In April 2022, the NCAA Division I Committee on Infractions panel, upon the conclusion of an investigation, found that Nazlymov had violated NCAA head coach responsibility rules, and was guilty of aggravated level I violations. Further, he violated ethical conduct rules, by ignoring several requests that had been made to him to cooperate with the NCAA investigation. The panel found that: "The head fencing coach violated fundamental, well-known bylaws. Worse, the head fencing coach received relevant education on the exact areas of the violations as they were occurring, but continued to commit the same violations and, in some circumstances, concealed them from compliance staff." The NCAA said Nazlymov arranged, provided, or directed other coaches to give more than $6,000 in recruiting inducements to three fencers, primarily by giving them free access to the OSU fencing facility.

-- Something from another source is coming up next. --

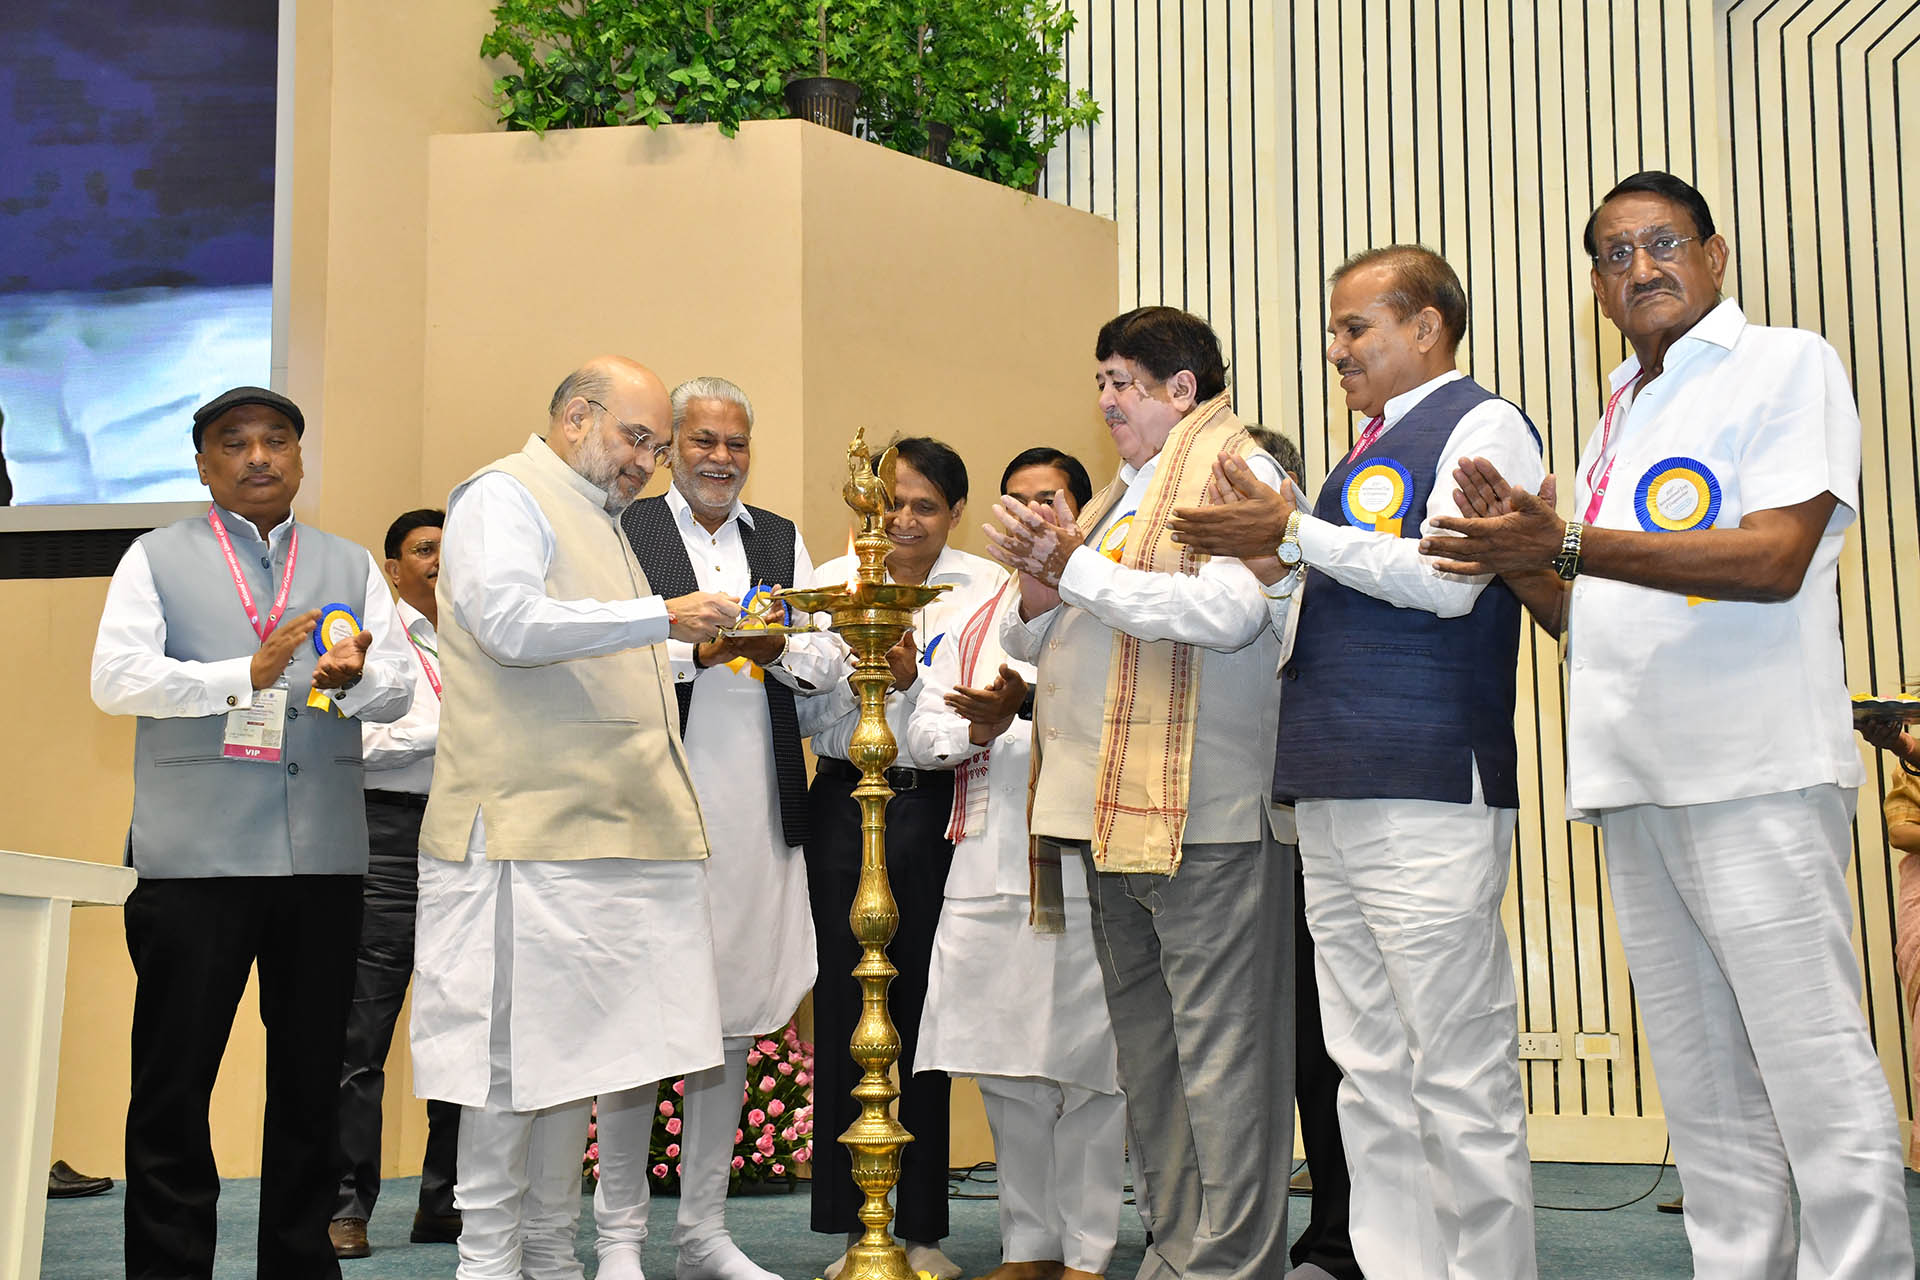 Shri Amit Shah Lighting the Lamp on the occasion of 100th International day of Cooperatives

Two of the prospects also received free meals and free private lessons from Nazylmov, which allowed OSU coaches to observe the fencers, and constituted impermissible tryouts, and received other inducements. It also found that under Nazlymov's direction, in addition 18 student fencers also received impermissible benefits worth over $8,000 in the form of free access to his local fencing club, resulting in them competing while ineligible.

The NCAA sanctioned Nazlymov with a 10-year show-cause order. He was restricted from any athletically related duties by any NCAA school hiring him, unless that school could demonstrate why such restriction should not apply. If Nazlymov is hired after his show cause order ends, he will be suspended from 100% of his first season of employment.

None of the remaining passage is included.